けたたましい爆発音が、廃ビル群の隙間にこだまする。

もうもうと立ち込める紫色の煙幕の中を、一つの影が物理法則を無視したような速度で駆け抜けていた。

 

「ハッ!遅い遅い遅い!アタシを捉えたいなら、せめて弾速を三倍にしてから出直してきなよ!」

 

巨大なアンチマテリアルライフルを片手で振り回しながら、瓦礫の壁を蹴り上げて中空を舞うのは、何羽ヒタキだった。

彼女の機動力は、一年生の時とは比較にならないほどの進化を遂げていた。

 

「よいしょー!」

 

前衛に飛び出しては敵の陣形を散らし、次の瞬間には数百メートル後方の狙撃ポイントへ撤退している。
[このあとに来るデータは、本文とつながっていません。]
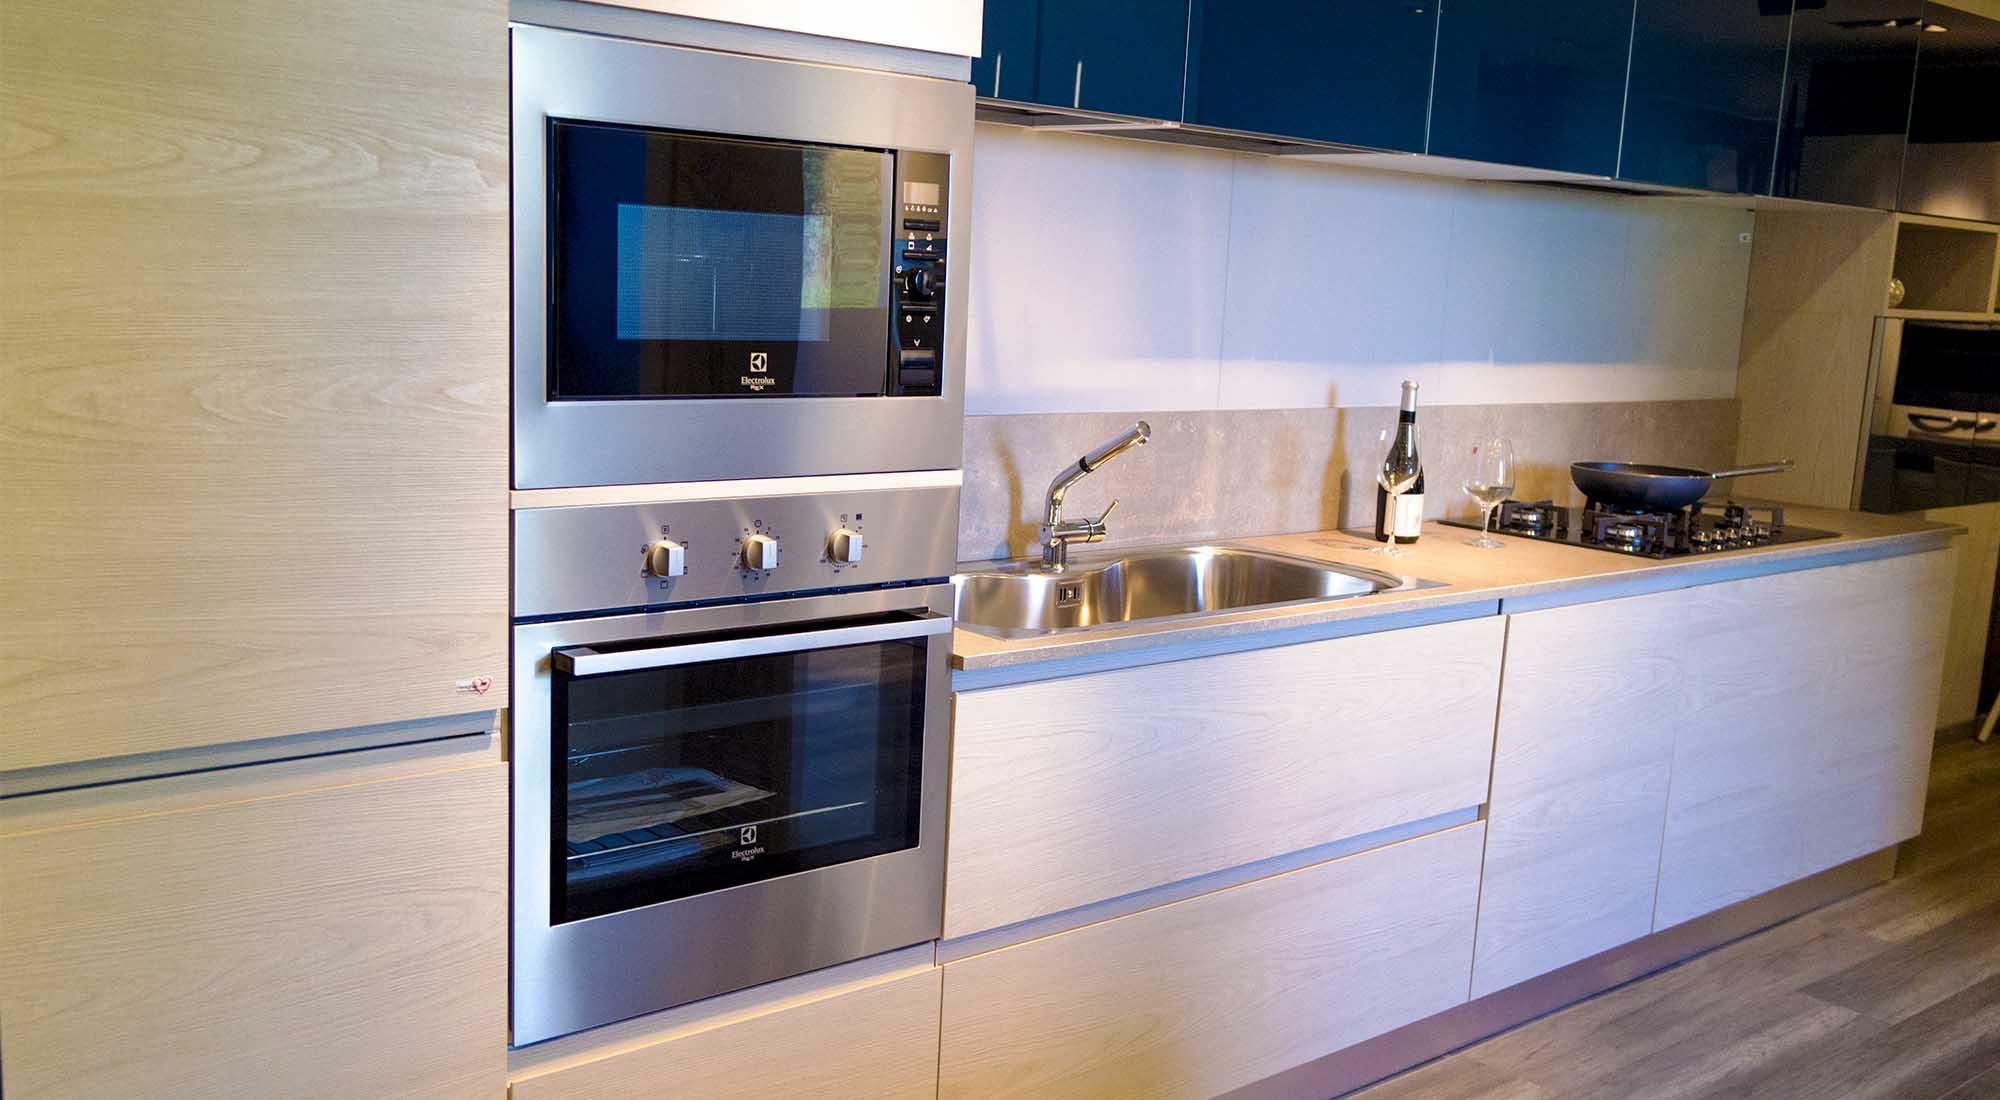 Cucina anta maniglia con pensili in vetro blu cobalto arredamenti meneghello - Profondita pensili cucina ...
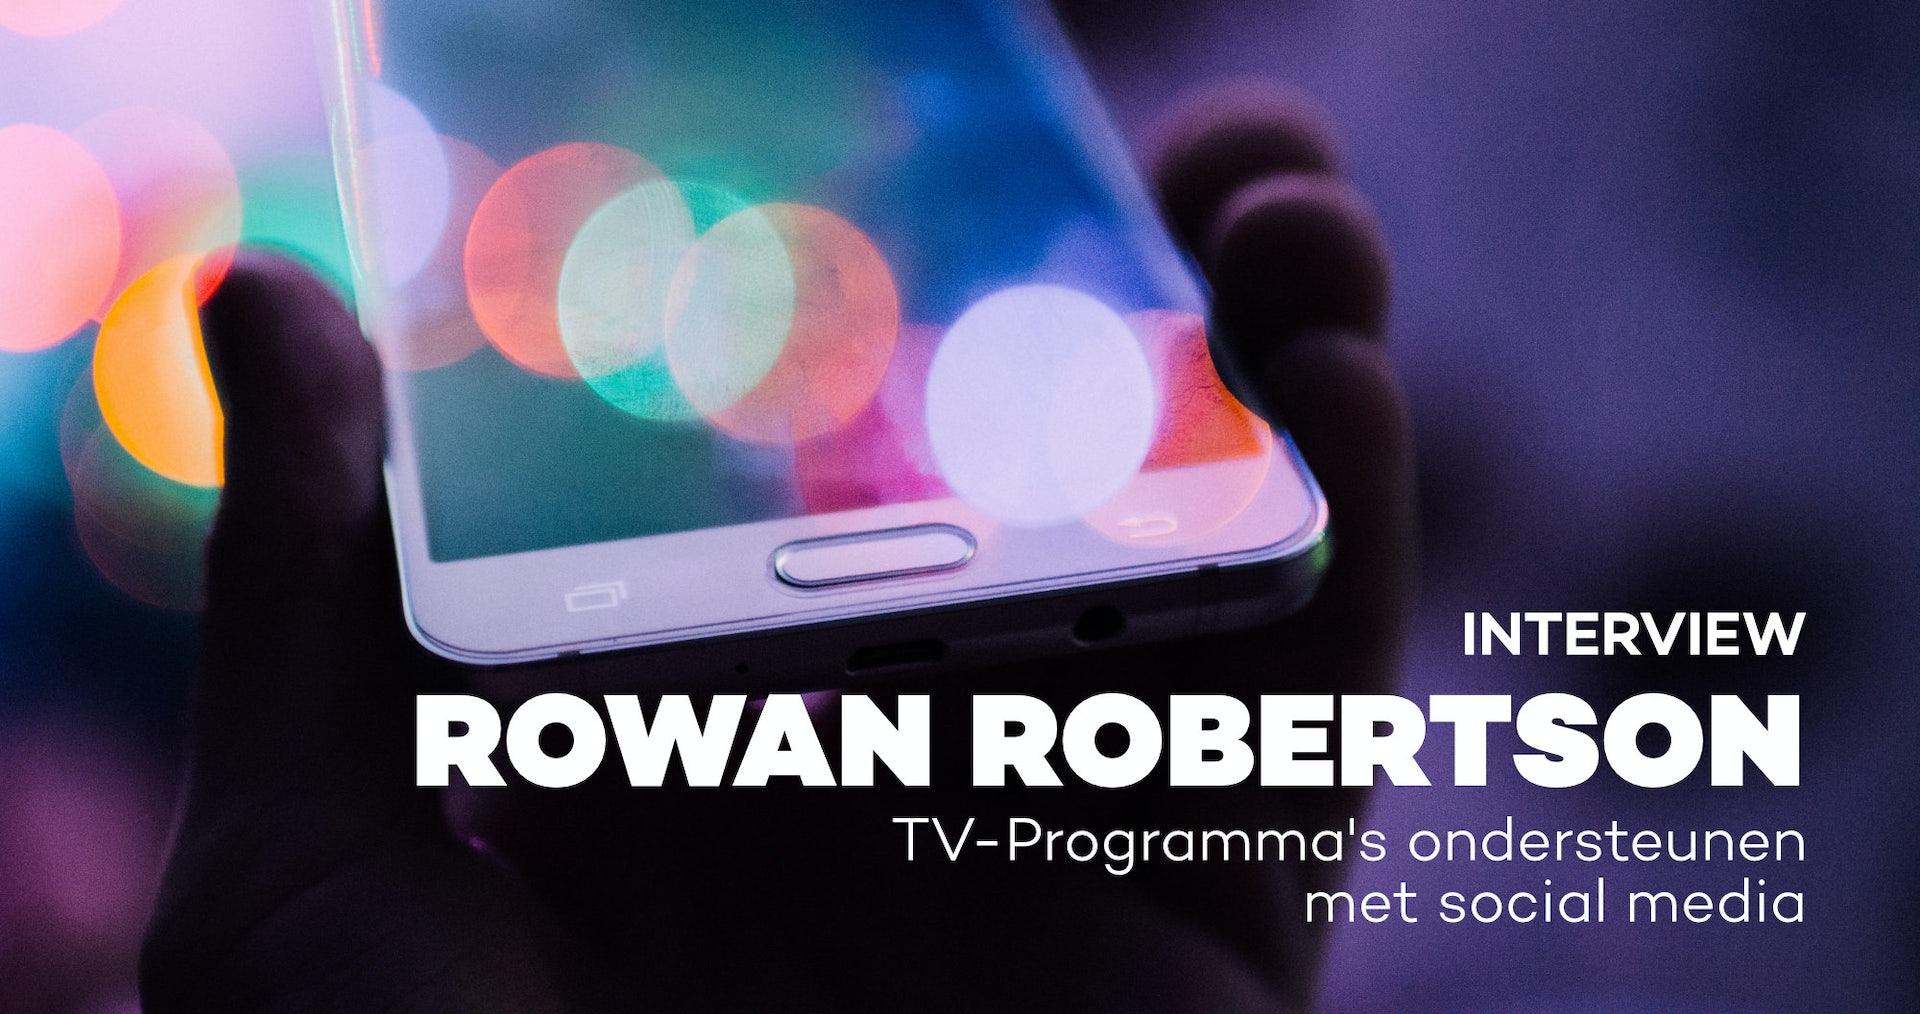 Tv-programma's ondersteunen met social media

その無尽蔵のスタミナと、恐怖から逃れるために極限まで最適化されたパルクール技術は、敵からすれば「どこから撃たれているのか分からない」という絶対的な混乱を引き起こしていた。

 

「ちょこまか動きやがって!照準が合わねぇ!」

 

敵の傭兵が叫びながら機関銃を掃射する。

 

『アハハ!照準が合わないのは貴方たちの『目』が悪いからじゃないの〜?』

「?!」

 

その傭兵の耳元のインカムから、突如として『傭兵のリーダーの声』が響いた。

口調は似ても似つかないが、その声は間違いなく本物であった。

 

『──全員、ただちに射撃を停止しろ!三時の方向へ退避だ!そこに罠がある!』

「えっ!?は、はい!?ボス!」

 

リーダーの命令に疑いも持たず、傭兵たちは一斉にカバーから飛び出し、指定された方向へと走った。

 

『ウフーフ♪』

 

だが、それは致命的な罠だった。

インカムから聞こえた声は本物のリーダーのものではない。

どこかの安全な場所でタブレットを操作しているチドリによる『声真似』とハッキングのコンボである。

 

「アハハハハ!バーカ!そんな素直に動いたらアタシの可愛い子たちの射線にドンピシャじゃん!」

「CROW2、その声でその口調やめてください。鳥肌が立ちます」

 

チドリは、敵の通信網を完全に掌握し、七色の声を自在に操ることで敵陣を内部から崩壊させていた。

彼女がこの一年で磨き上げた特技は『変声』。

通信傍受で得た敵のサンプル音声をもとに、彼女自身の発声技術とリアルタイムの音声補正プログラムを掛け合わせることで、あらゆる人物の声を完璧に偽装する恐るべき技術。

 

そして、彼女の『時限掃射(プリセットファイア)』もドローン操作技術の向上により正確に進化しており、それは一秒の狂いもなく発動する。

 

ガガガガガガッ!!

 

退避した傭兵たちの頭上に潜んでいたドローン群が一斉に火を噴き、彼らは成す術もなく弾丸の雨に沈んだ。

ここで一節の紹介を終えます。